O Natal do Senhor

Padre João Medeiros Filho

Ao longo de sua história, o povo de Deus da Antiga Aliança caminhou no deserto, foi exilado e escravo de outras nações. Recebeu ensinamentos dos profetas, patriarcas e figuras decisivas em sua trajetória. Três grandes personagens marcaram essa caminhada e contribuíram para a sua libertação, por meio de pregações, com o testemunho de esperança e fé na força divina. No Antigo Testamento, Isaías anunciou tempos diferentes com sua palavra de ânimo e renovação. João Batista – o precursor do Senhor – é a conclusão desse ciclo. Construiu a partir do deserto uma nova ética, denunciando pseudovalores, erros e pecados, mostrando a necessidade de eliminar tudo aquilo que pode impedir a chegada de Deus até nós. “Preparai os caminhos para o Senhor” (Lc. 3, 4; Is 40, 3-5). Inaugurando uma nova etapa (a de Deus Conosco), surgiu Maria Santíssima – preconizada por grandes figuras bíblicas femininas do Velho Testamento – escolhida pelo Todo Poderoso para ser a Mãe do Salvador, revelando desse modo a ternura, o amor e a gratuidade divina. Ela simboliza a vida, a alegria, ao contrário de Eva que representa o sofrimento e a morte. Na Virgem de Nazaré começa o verdadeiro Natal e novos tempos. “Confia nele e o mais Ele te fará” (Sl 37, 5). Esta é a dinâmica natalina, a certeza de que Cristo veio para mudar o mundo e os homens.

Deus quis morar entre nós. Eis a ingente e importante novidade da história humana. O sonho dos homens era ter o seu deus bem próximo. Para isso, uns se declaravam deuses ou filhos de deuses e outros divinizavam seres. Tornar-se imortal foi sempre o maior desejo do ser humano, mas suas aspirações ficavam insatisfeitas e sem respostas. Andava triste e decepcionado. Buscava solução em realidades materiais, mas continuava confuso e perdido.

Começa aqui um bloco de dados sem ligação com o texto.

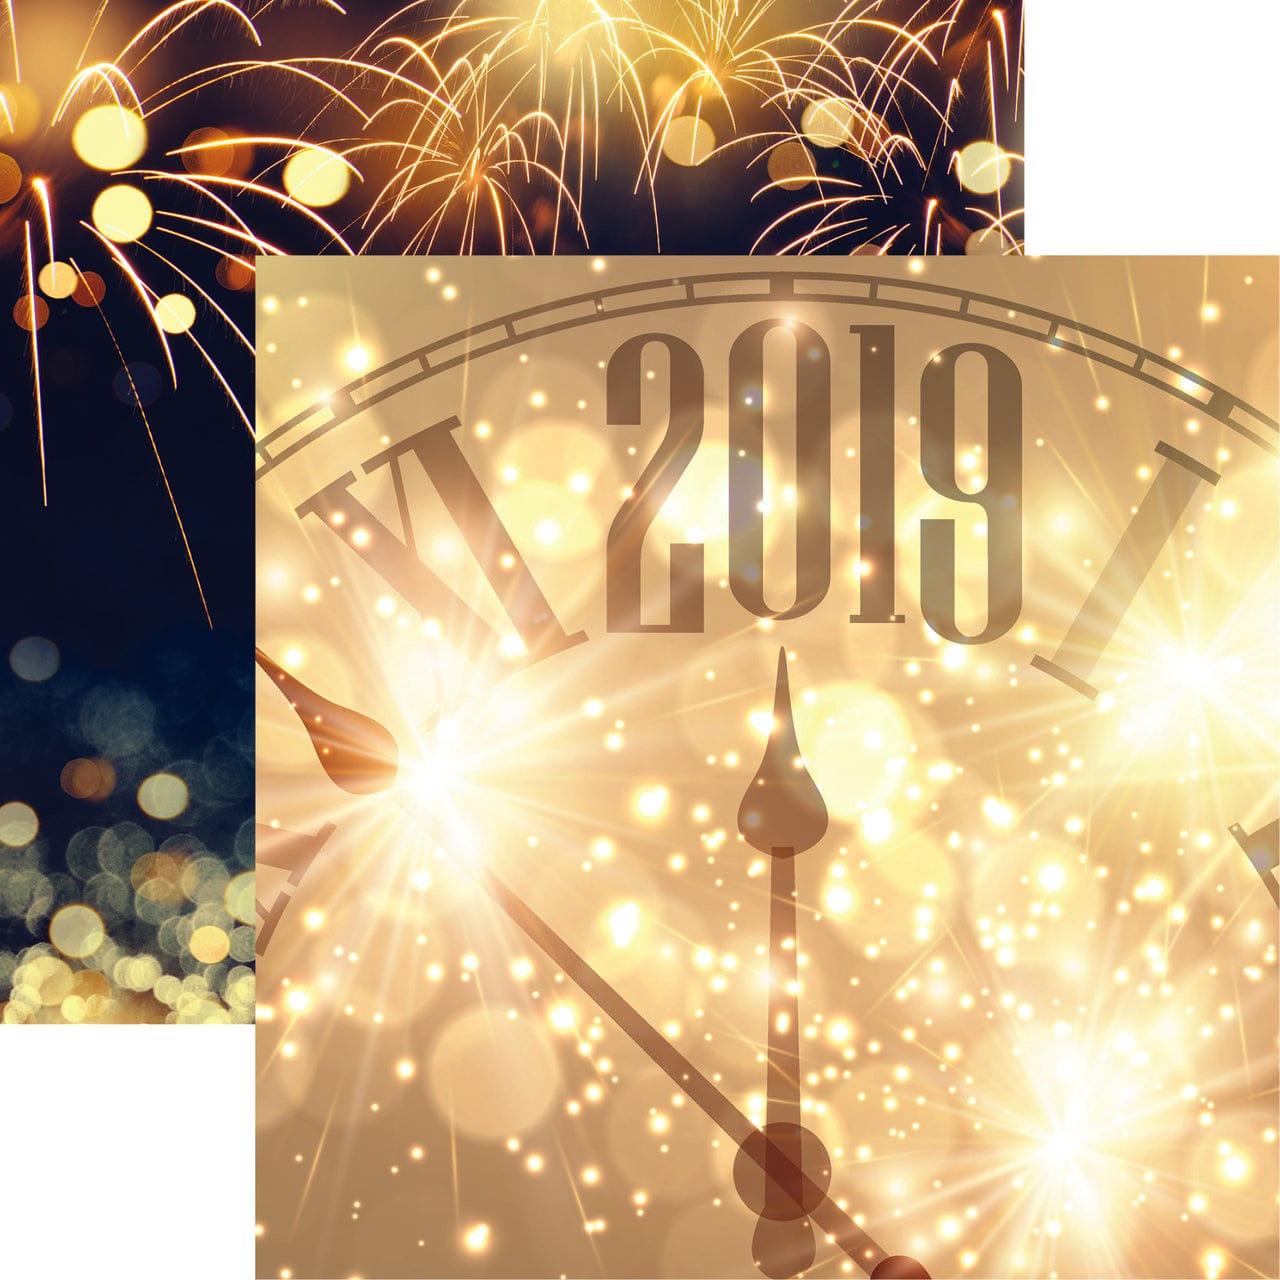 New Year's 2019 Happy 2019 12 x 12 Double-Sided Scrapbook Paper by Reminisce - Scrapbook Supply Companies

Sentia saudade de suas origens e profunda nostalgia da vida que um dia lhe fora reservada. A esperança de concretizar aquilo que sonhava, parecia uma quimera e permanecia nas trevas da existência.

O Natal é essa utopia divina. É a concretude dos sonhos e ideais humanos, a resposta à sua procura e à sua sede. Em Jesus, o Pai materializou todos os anseios do homem: um ser infinito, pleno de bondade, rico de misericórdia, templo da justiça, fonte da verdade, berço do perdão e do amor. Cristo é a humanidade na sua beleza original e em sua grandeza de criatura, antes da triste realidade do pecado. É a convivência celestial nos caminhos da terra, partilha da Vida divina com a existência terrena. É o encontro do Eterno com o efêmero, a Presença permanente com a fugacidade da criação. É Deus decidindo habitar a terra. Isso é Natal.

Admiramo-nos, às vezes, quando sabemos que religiosos como, por exemplo, as Irmãs de Charles de Foucauld e Madre Teresa de Calcutá decidem morar nas favelas e tugúrios, em condições subumanas. O Natal vai além. É Deus aceitando a nossa miséria, fazendo opção pelo nosso existir para nos arrancar da pobreza e nos enriquecer de sua Vida. O Verbo encarnou-se e habitou entre nós. Ele valorizou também a matéria de que fazemos parte, pois se fez carne de nossa carne. E como se não bastasse, transformou essa carne em divina, tornando-a nosso cotidiano alimento.

E como se fora ainda pouco incomensurável amor pleno de poesia, Ele quis perpetuar o Natal. Deixou-nos a Eucaristia como sacramento de sua presença e de seu nascimento renovado. A data de 25 de dezembro é a lembrança de todos os natais de nossa vida. É o memorial das incontáveis vezes que Deus nasce em nós, em pequenos, silenciosos e repetidos gestos, como forma de suprema bondade e indizível ternura conosco. O Natal é o homem renascido na pessoa do Senhor Jesus. É o ser humano revestido do mistério da divindade. Não existe nada mais belo, por isso mesmo temos tanto a dizer e pouco conseguimos. Sim, pois só Cristo é a única Palavra Perfeita! “Verbum caro factum est”! “E o Verbo se fez carne” (Jo 1, 14).